Clive Harold Feigenbaum (1939–2007) was a colourful and controversial British businessman who was involved in a lifelong series of scandals in the world of philately. Particularly notable was the sale of "gold" stamps from Staffa and his role in the collapse of attempts to list Stanley Gibbons on the Unlisted Securities Market in 1984.

== Early life ==
Feigenbaum was born in 1939. According to the biographical profile on the website of his firm Stampdile Limited, Feigenbaum started dealing in stamps as a child and had his own shop in Paddington by the age of 18.
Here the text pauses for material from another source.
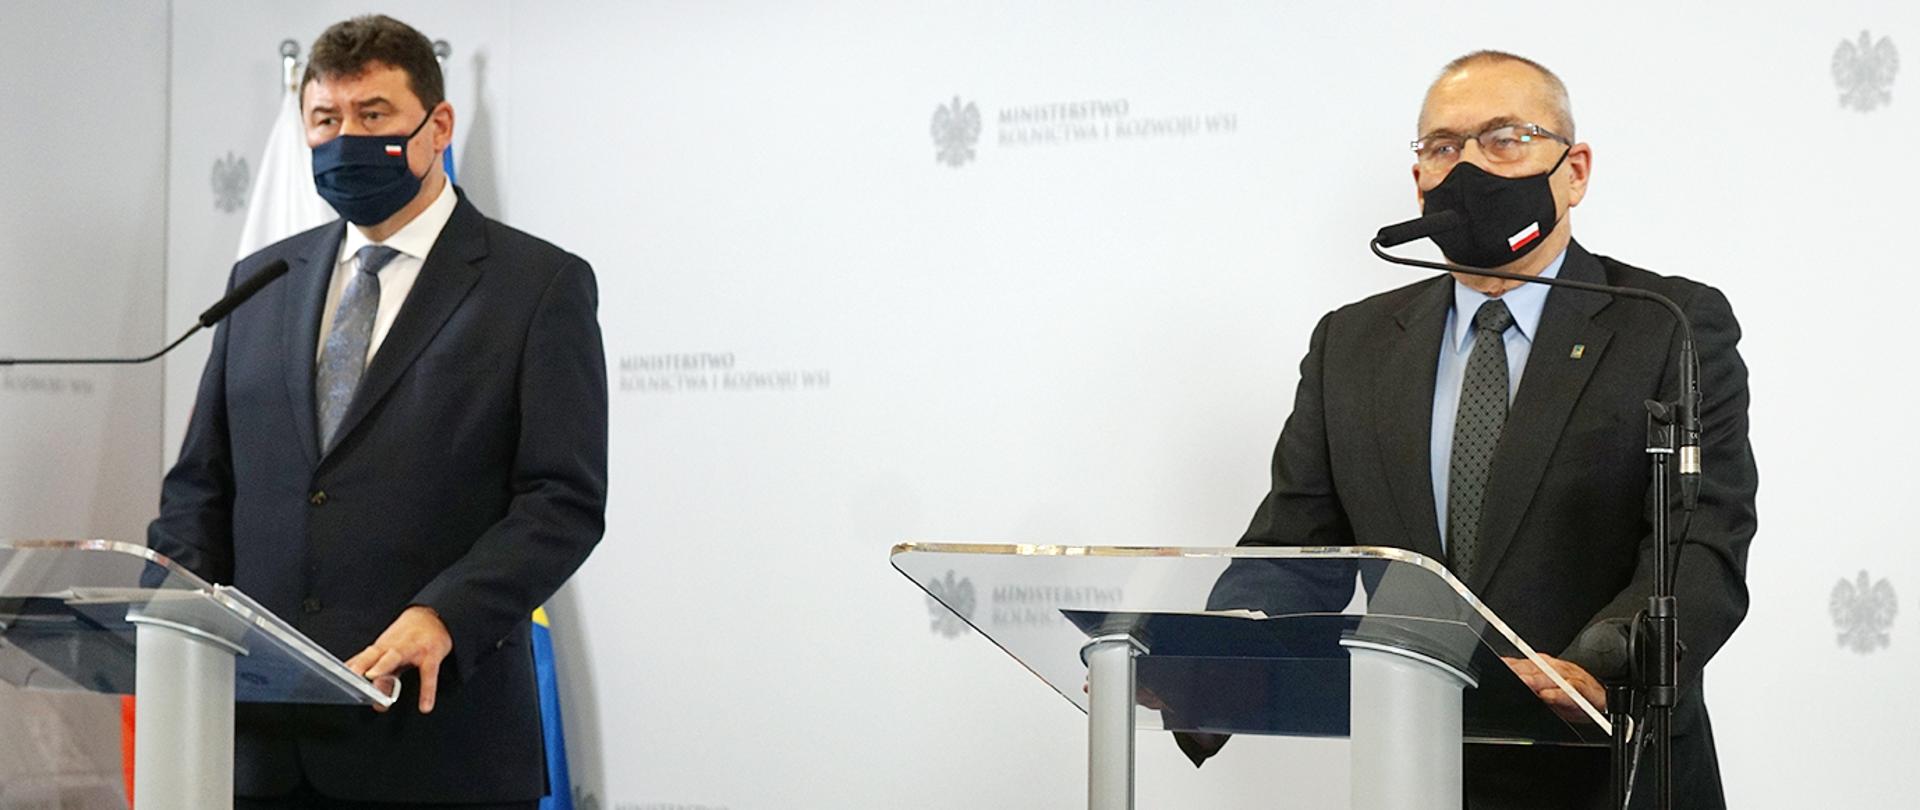 Na zdjęciu z lewej strony znajduje się Sekretarz Stanu w Ministerstwie Rolnictwa i Rozwoju Wsi Ryszard Bartosik, z prawej strony Główny Inspektor Jakości Handlowej Artykułów Rolno - Spożywczych Andrzej Romaniuk.

== Expelled from The Philatelic Traders Society ==
In 1970, Feigenbaum was expelled from the trade body for stamp dealers, The Philatelic Traders Society, for selling "labels resembling stamps" without indicating that they were not genuine postage stamps, though Feigenbaum claimed that he resigned from the body. The dispute turned on the status of the stamps that Feigenbaum produced and marketed which he termed British locals, similar to those produced for the island of Lundy, but which the PTS saw as little more than tourist souvenir labels. In 1984 Feigenbaum applied for re-admission but withdrew his application before it could be considered following adverse press comment about his business affairs. The Times reported that "Six leading stamp dealers have said they will resign if he is readmitted."

== Criminal charges ==
In 1971, Feigenbaum was charged with 14 counts of receiving and dishonestly handling stamps and proofs stolen from the British Museum. James A. Mackay, a curator at the museum, and George Base were also charged in connection with the same matter and it was from Mackay that Feigenbaum had received the stolen items. Mackay had exchanged the proofs for Winston Churchill themed stamps. Feigenbaum, who had denied the charges, was cleared on the judge's direction. The affair sparked a review of security at the museum and the police officer who investigated the thefts, Bob Schoolley-West, subsequently joined the Museum staff.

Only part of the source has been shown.